Studio album by Wire
- Released: 7 July 2008
- Recorded: 2007–2008
- Studio: Swim Studio, London; Metropolis 22, Rotterdam; Ticktop, Sweden;
- Genre: Post-punk; experimental rock; dance-rock;
- Length: 35:02
- Label: Pinkflag
- Producer: Colin Newman

Wire studio album chronology
| Send (2003) | Object 47 (2008) | Red Barked Tree (2011) |

= Object 47 =

Object 47 (Object Forty-Seven) is the eleventh studio album by the English post punk band Wire, named so because it is the 47th item in the Wire discography – a methodology harking back to the name of their 1979 album, 154, which was named after the number of concerts they had played to that point. It is the first Wire album without the participation of guitarist Bruce Gilbert. It was released on 7 July 2008 in the UK and on 15 July in the US through the band's own Pinkflag label.

==Background==
Object 47 was Wire's first studio album since 2003's Send. Recording for the album began in early 2007 at Metropolis 22 in Rotterdam, where the band mainly recorded drum tracks, and continued until early 2008 at guitarist Colin Newman's Swim Studio in London. Concurrently with Object 47, the band also recorded the Read & Burn 03 EP, which was released in November 2007. Between 2003 and 2007, the band had amassed material which was split between the EP and the album. Tracks selected for the EP was material which the departed Bruce Gilbert had been involved with. Bassist Graham Lewis: "We grouped together anything Bruce had had a hand in, or just waved at, and that was Read & Burn 03; then everything else went onto Object 47."
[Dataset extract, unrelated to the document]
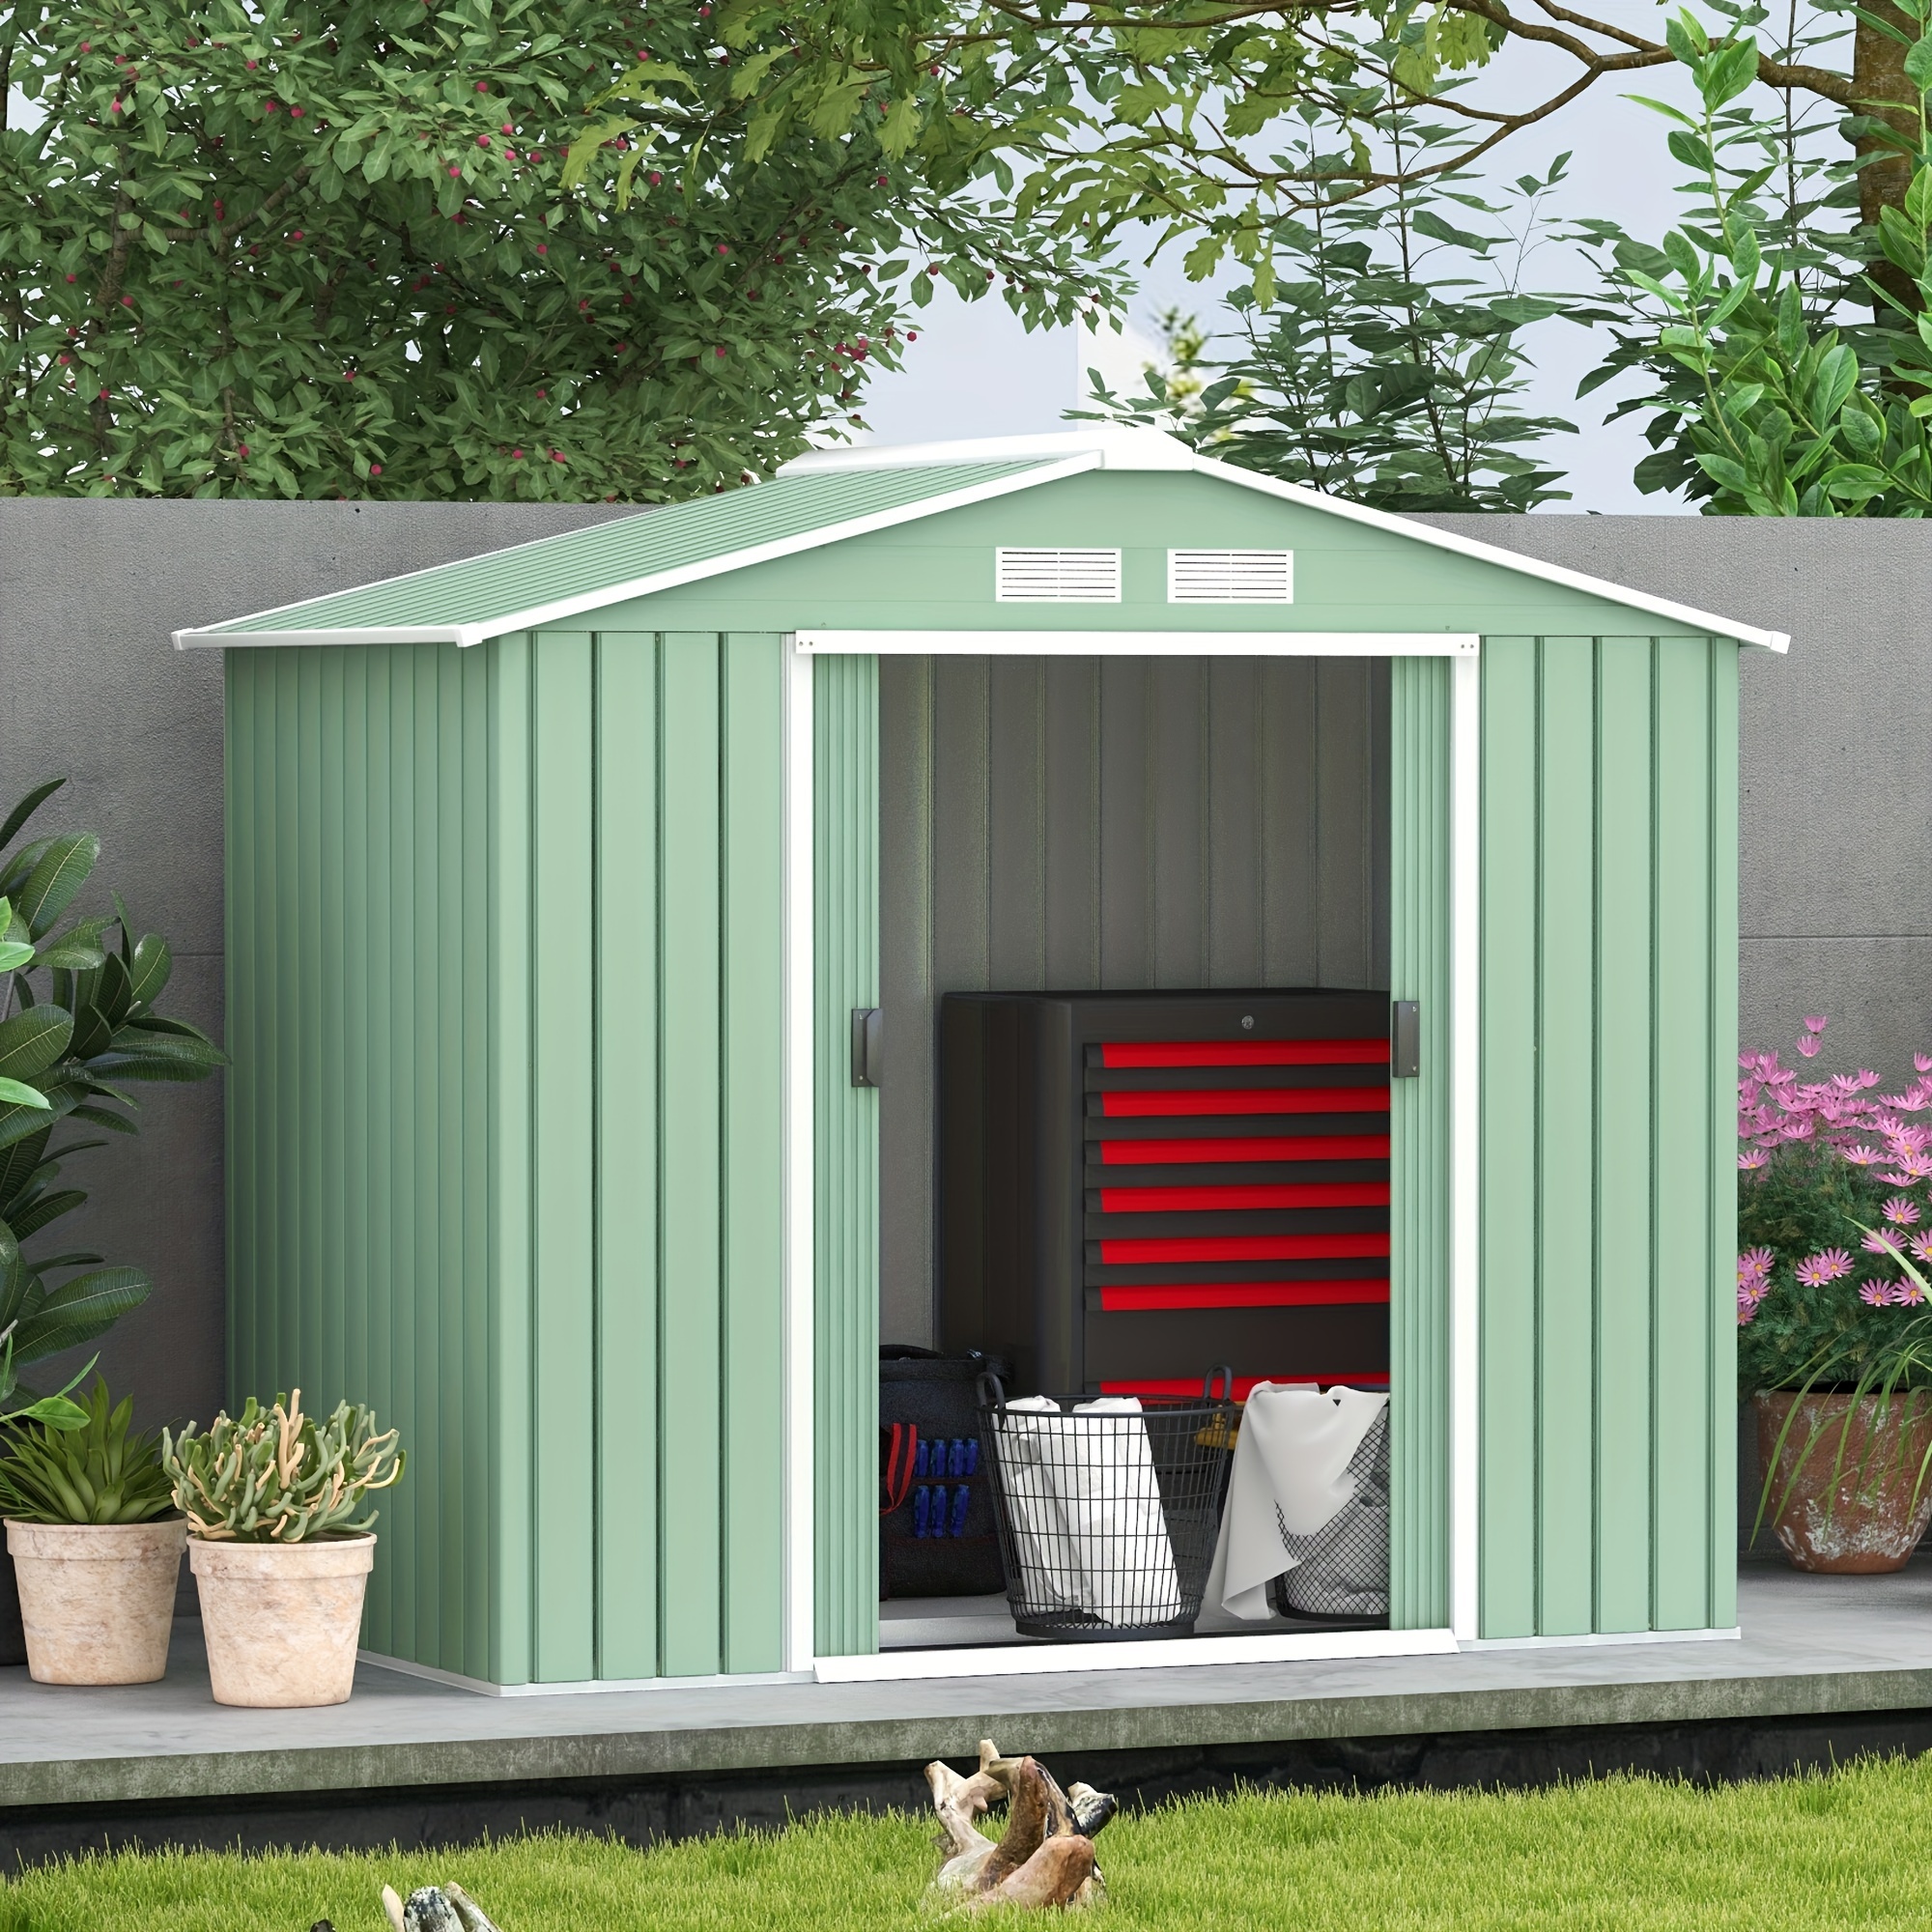 

Outsunny 7' X 4' Outdoor Storage Shed, Garden With Foundation Kit, 4 Vents And Sliding Doors For Backyard, Patio, Garage, Lawn, Light Green

The track "All Fours" features Page Hamilton of American alternative metal band Helmet on guest guitar.

==Critical reception==

Many reviewers noted the album's melodic sensibility, with AllMusic writing, "Object 47 highlights Wire's pop credentials, but the band hasn't lost its edge." Stereogum ranked it 12th (out of 15) in their 2015 "Wire Albums from Worst to Best" list, saying that it is "the most normal sounding album from a band interested in being anything but." Despite the album missing "the abstract and artful twist that made Wire's early post-punk records unique," it is "actually pretty good," and with a radio-friendly sound, one of Wire's "catchiest hours."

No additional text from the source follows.